Aldous could see the amazed packer staring at him in the gloom. "You don't think I'm sellin' myself, do you, Aldous?" he asked huskily. "That ain't why you're doin' this—for me 'n the kid—is it?"

"I had made up my mind to do it before I saw you to-night," repeated Aldous. "I've got lots of money, and I don't use but a little of it. It sometimes accumulates so fast that it bothers me. Besides, I've promised to accept payment for the outfit in trips. These mountains have got a hold on me, Stevens. I'm going to take a good many trips before I die."

"Not if you go on to Tête Jaune, you ain't," replied Stevens, biting a huge quid from a black plug.

Aldous had risen to his feet. Stevens stood up beside him.
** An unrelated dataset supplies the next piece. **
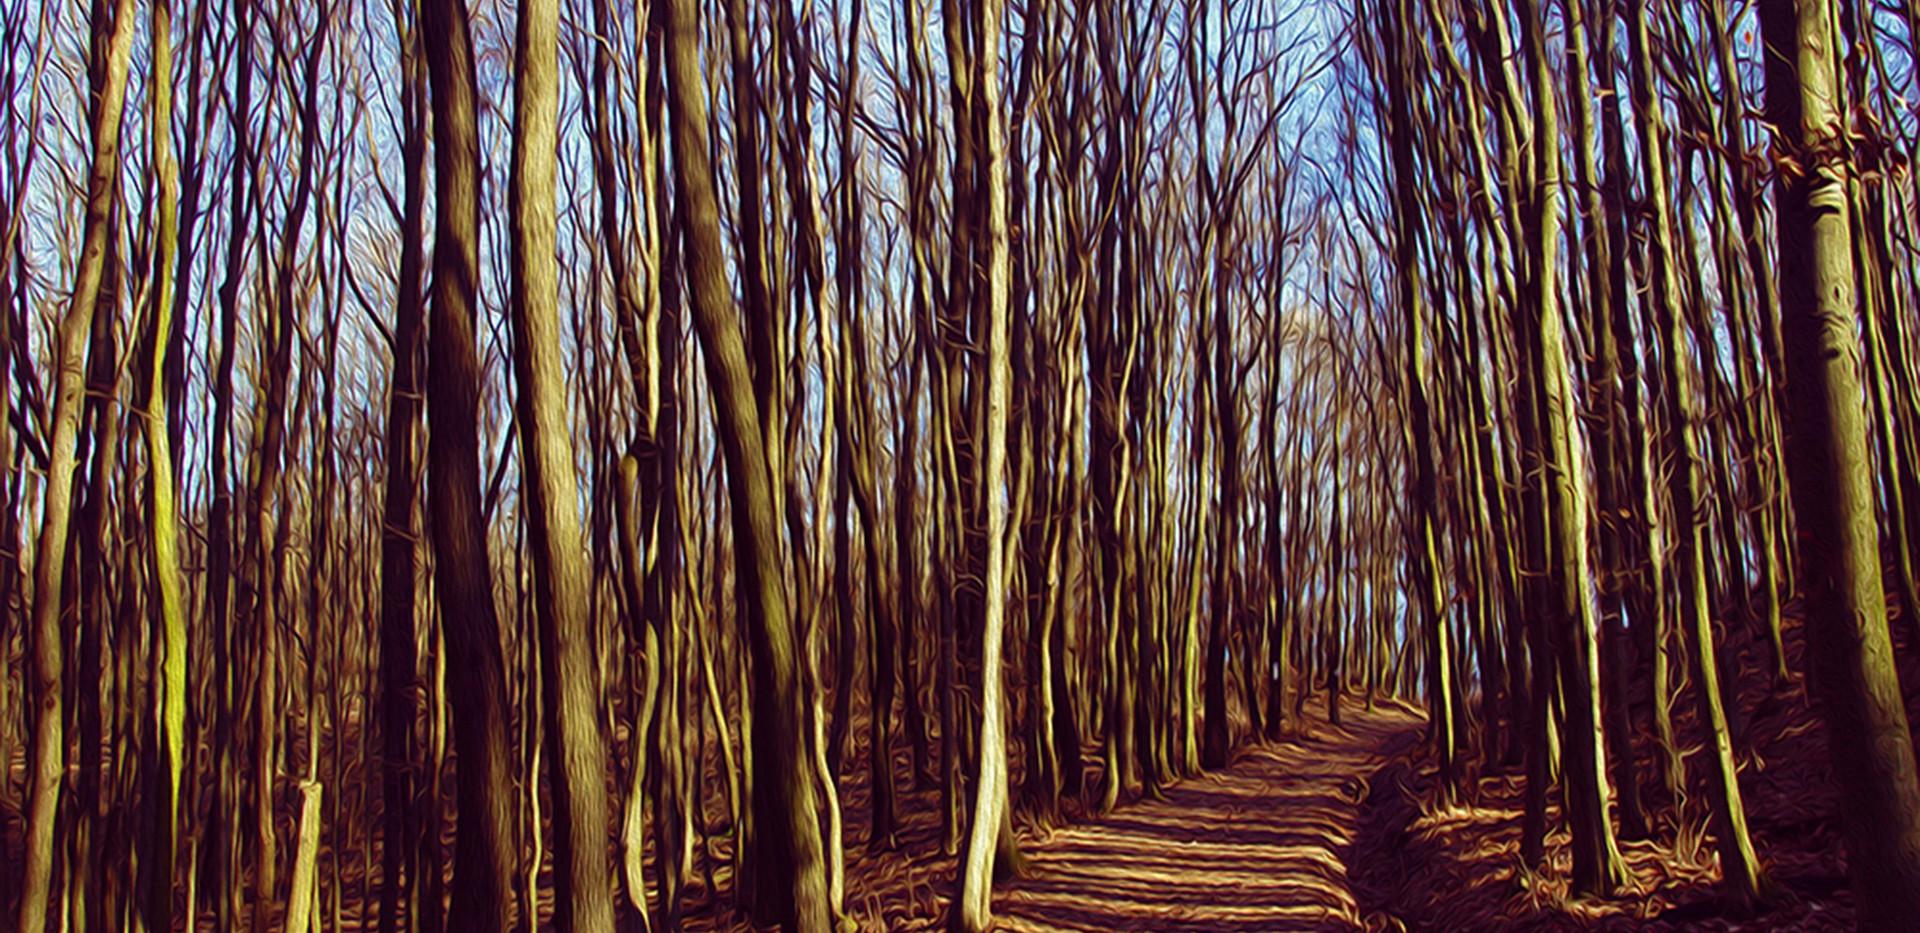 KRISTIN INBAL, In the Woods
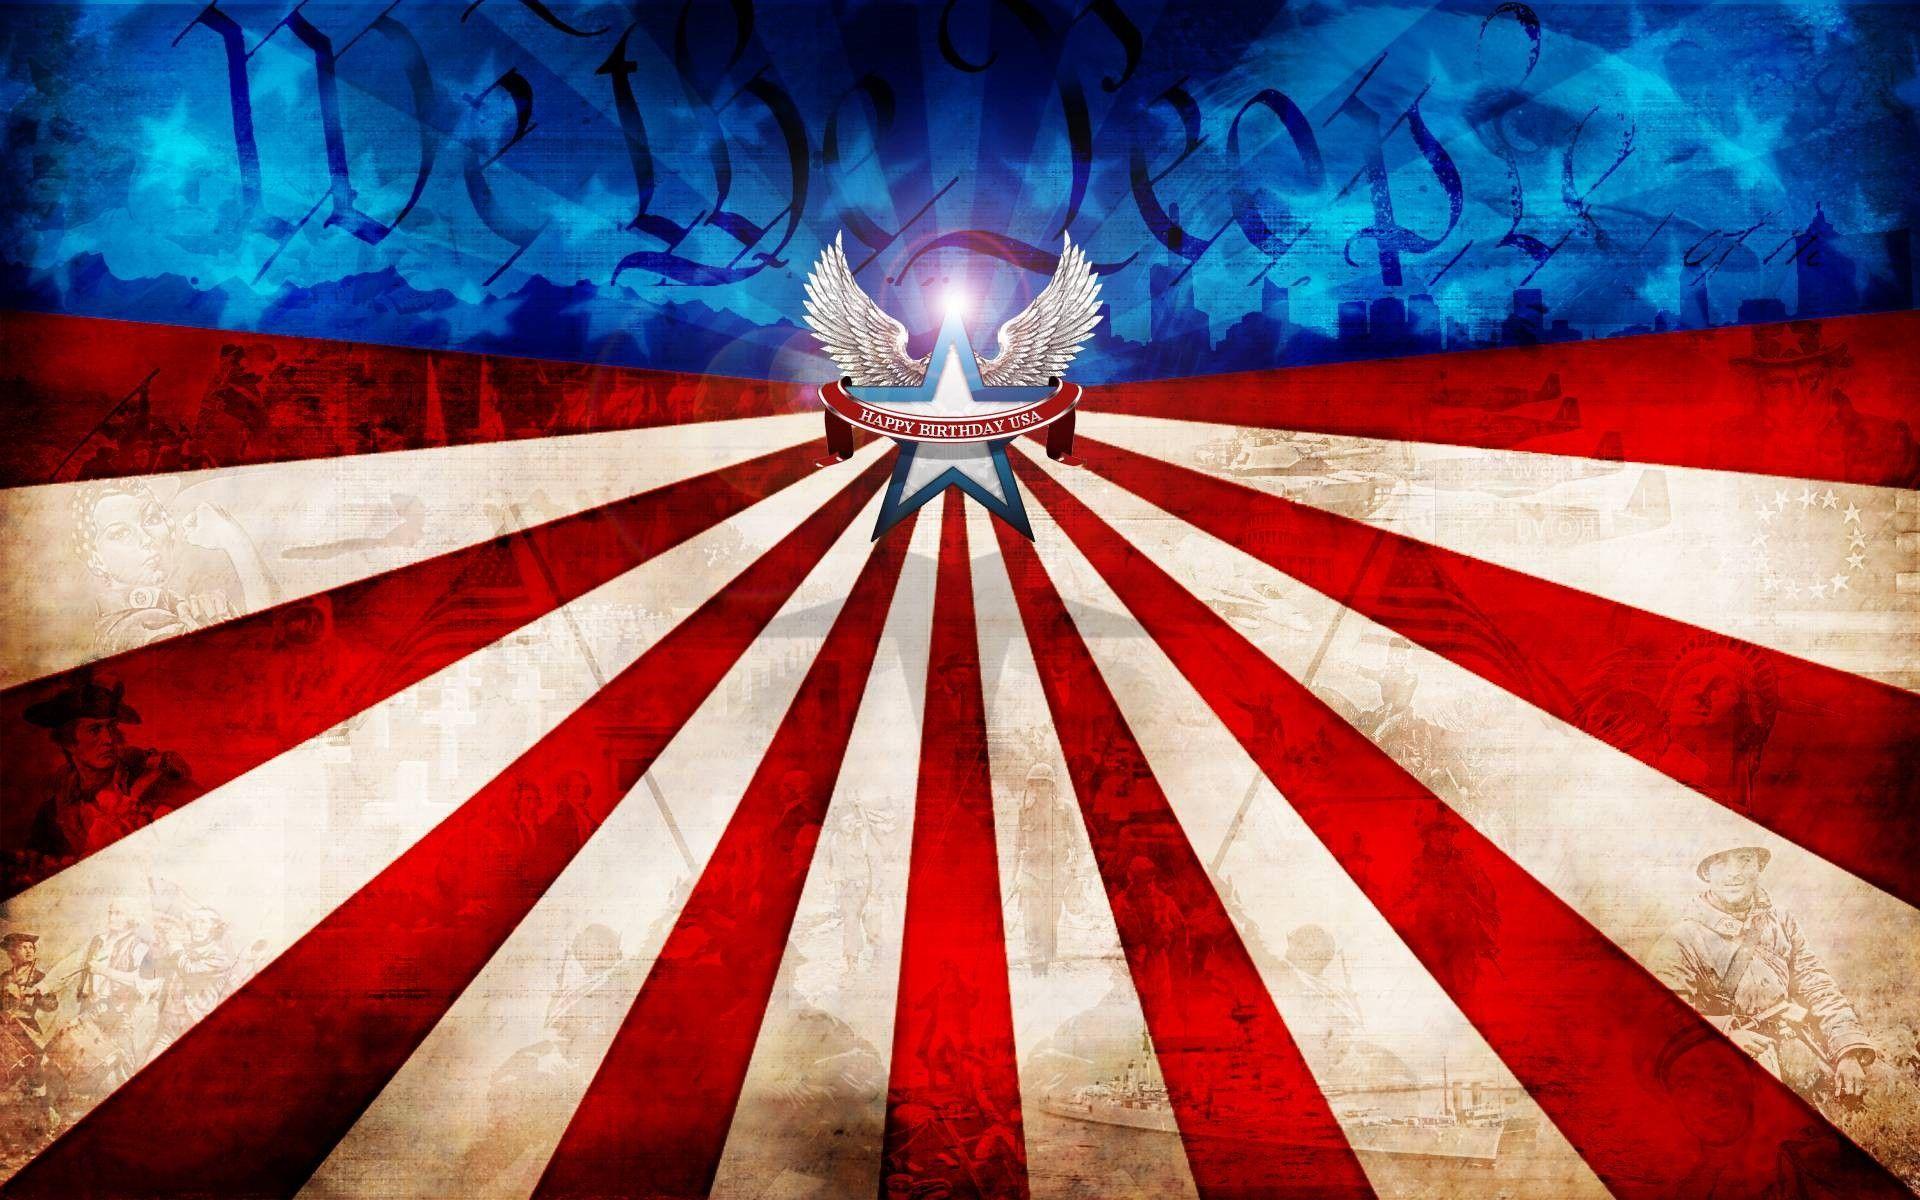 Patriotic Wallpaper Images

"If you go on to Tête Jaune you're a bigger fool than I was in tryin' to swim the outfit across the river to-day," he added. "Listen!" He leaned toward Aldous, his eyes gleaming. "In the last six months there's been forty dead men dragged out of the Frazer between Tête Jaune an' Fort George. You know that. The papers have called 'em accidents—the 'toll of railroad building.' Mebby a part of it is. Mebby a half of them forty died by accident. The other half didn't. They were sent down by Culver Rann and Bill Quade. Once you go floatin' down the Frazer there ain't no questions asked. Somebody sees you an' pulls you out—mebby a Breed or an Indian—an' puts you under a little sand a bit later. If it's a white man he does likewise. There ain't no time to investigate floaters over-particular in the wilderness. Besides, you git so beat up in the rocks you don't look like much of anything. I know, because I worked on the scows three months, an' helped bury four of 'em. An' there wasn't anything, not even a scrap of paper, in the pockets of two of 'em! Is that suspicious, or ain't it? It don't pay to talk too much along the Frazer. Men keep their mouths shut. But I'll tell you this: Culver Rann an' Bill Quade know a lot."

"And you think I'll go in the Frazer?"

"Egzactly. Quade would rather have you in there than in the Athabasca. And then——"

"Well?"

Stevens spat into the bush, and shrugged his shoulders. "This beautiful lady you've taken an interest in will turn up missing, Aldous. She'll disappear off the face of the map—just like Stimson's wife did. You remember Stimson?"

"He was found in the Frazer," said Aldous, gripping the other's arm in the darkness.